By Michael Babad, The Globe and Mail September 17, 2013 Rosenberg on real estate Like many other economists, David Rosenberg wonders today what happened to a housing bust some observers had predicted.
“As if to purposely defy the Canadian economy, banking and loonie bears, home resale activity rose 2.8 per cent sequentially in August and over 11 per cent on a year-over-year basis,” the chief economist at Gluskin Sheff + Associates said in a research note today.
He was referring to August sales numbers released yesterday by the Canadian Real Estate Association, which, as The Globe and Mail’s Tara Perkins reports, showed a rebound from a government-induced slump a year earlier.
That’s when Finance Minister Jim Flaherty tightened mortgage rules to cool down the market and head off a bubble.

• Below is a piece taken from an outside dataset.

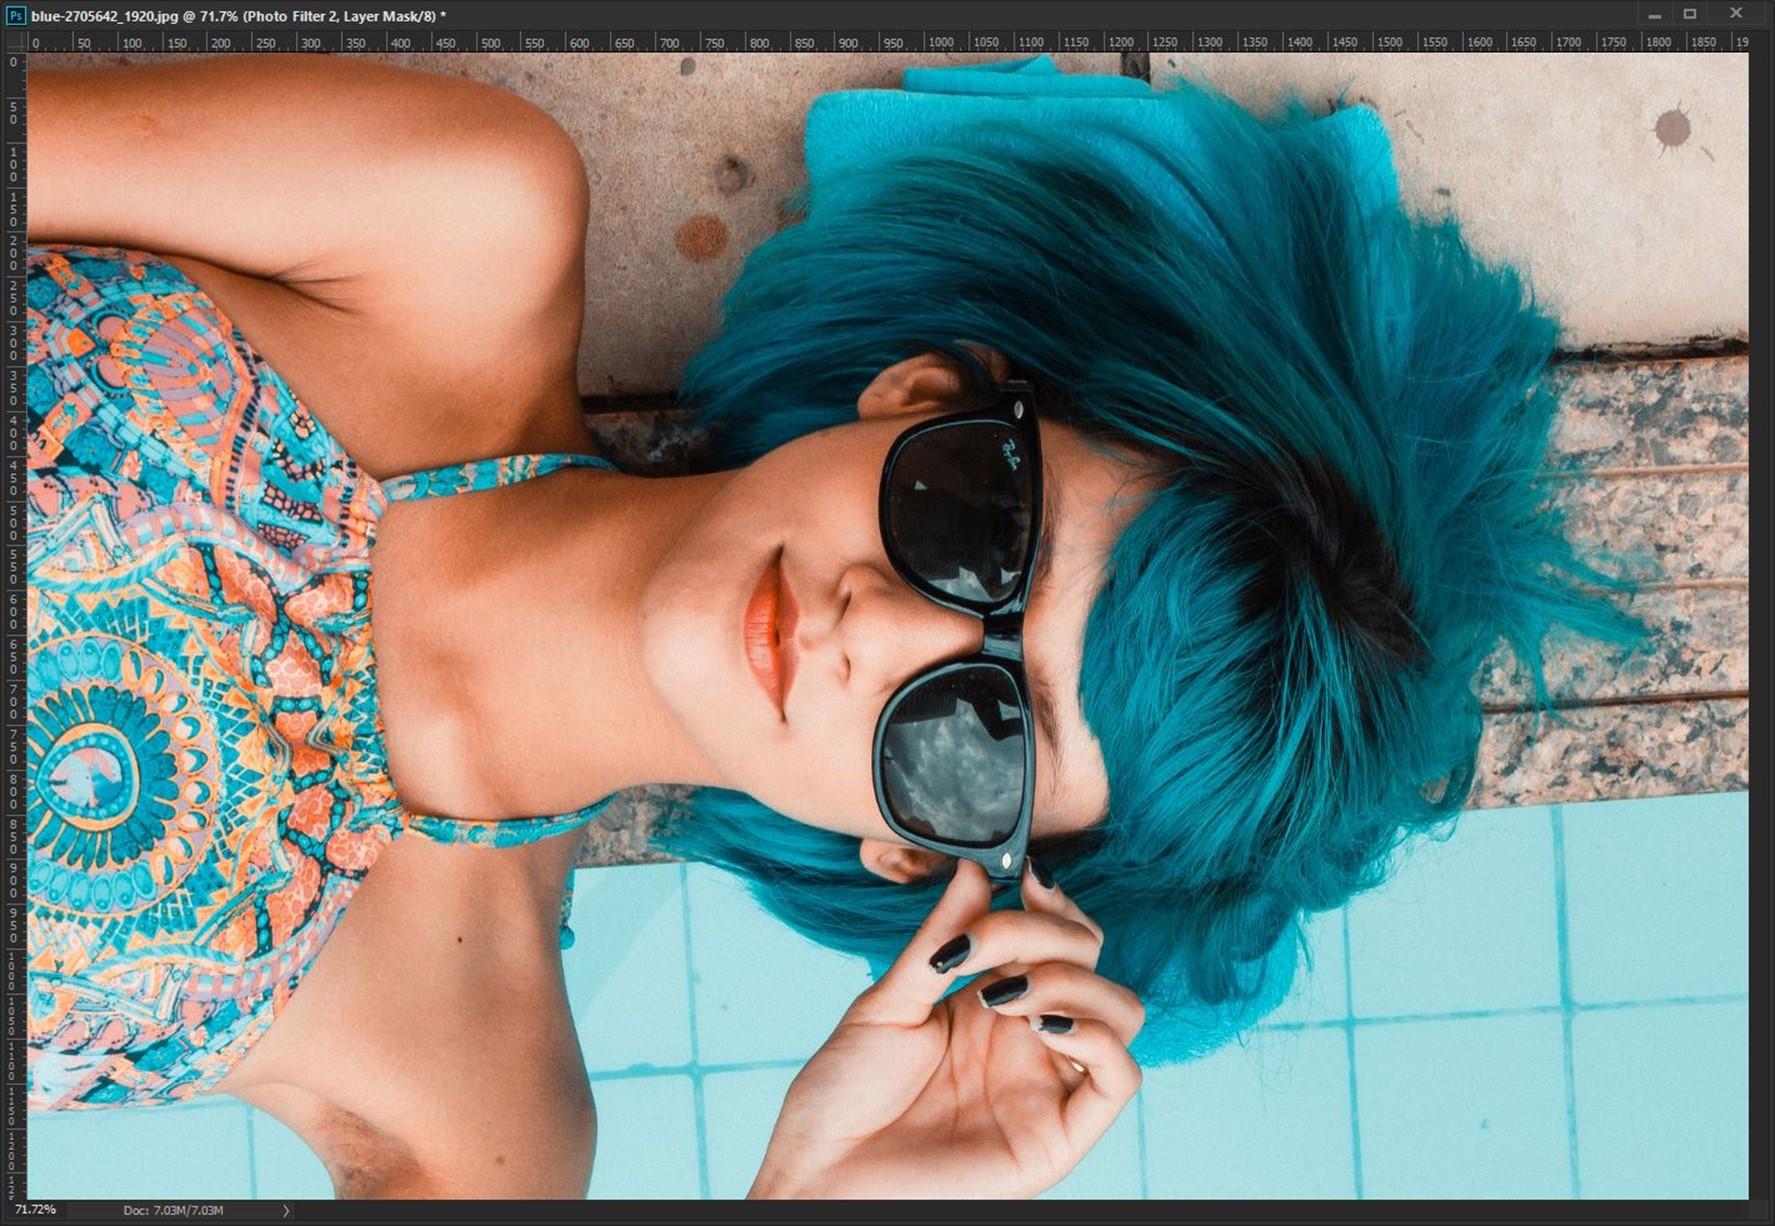 101817_0852_CreateInsta2 - Create Instagram Clarendon Effect in Photoshop

Now, homebuyers appear to be rushing to beat higher mortgage rates, boosting home sales across the country.
“The national sales/listing ratio moved up to 54.6 from 51 in July, reflecting a tighter balance to the housing market, and, as such, prices rose 8.1 per cent on a year-over-year basis, the fastest pace in over two years,” Mr. Rosenberg said.
“So much for the housing bust.”
Mr. Rosenberg is not alone.
Chief economist Douglas Porter of BMO Nesbitt Burns, for example, noted that house prices keep “quietly churning” forward, though last month’s national average was skewed by the country’s most expensive cities.

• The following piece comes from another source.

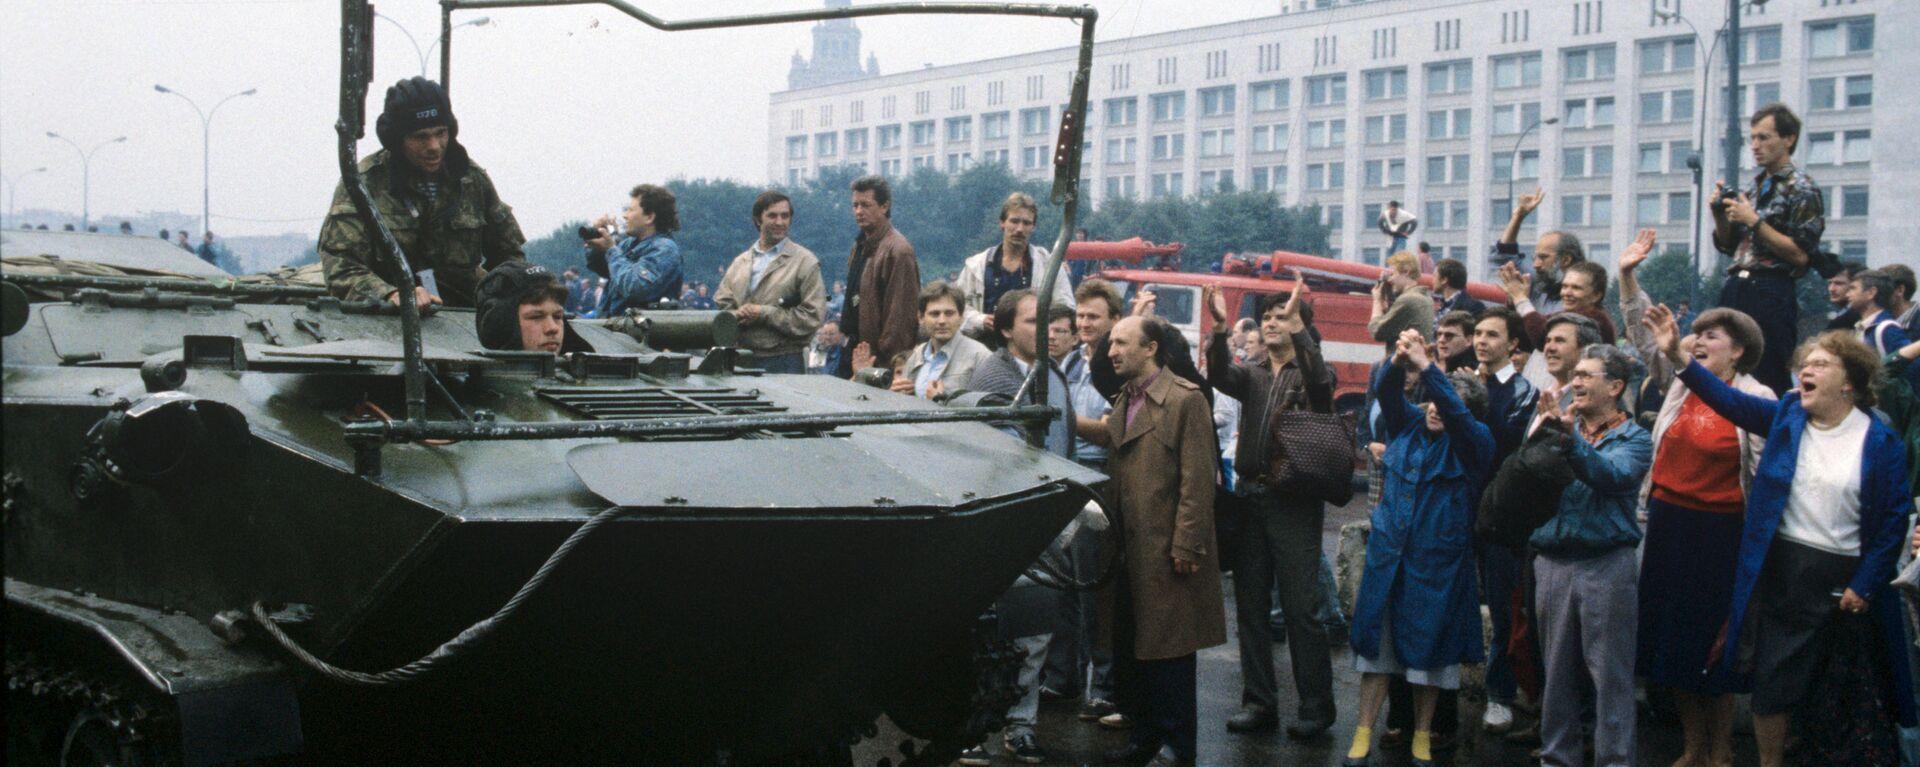 Воинские подразделения, перешедшие на сторону российского парламента, перед зданием Верховного Совета РСФСР. - Sputnik Արմենիա, 1920, 20.08.2021

“Suffice it to say that next to no one predicted a big mid-year bounce in home sales at the start of 2013, when calls for Canadian housing market calamity were all the rage,” he said after yesterday’s numbers were released.

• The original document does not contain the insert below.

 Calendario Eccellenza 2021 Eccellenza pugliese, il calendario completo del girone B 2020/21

“Contrary to the Greek chorus of woe, sales are now above their 10-year average in seasonally adjusted terms,” he added.
“And, the year-ago comparisons will remain quite easy for the next eight months, so settle in for a spell of potentially solid year-over-year figures even if sales do simmer down notably in coming months.”
Most economists don’t fear a burst bubble.
Diana Petramala of Toronto-Dominion bank noted that sales remain 11 per cent below the 2009 peak, and that increases in longer-term mortgage rates will probably “keep housing demand in check.”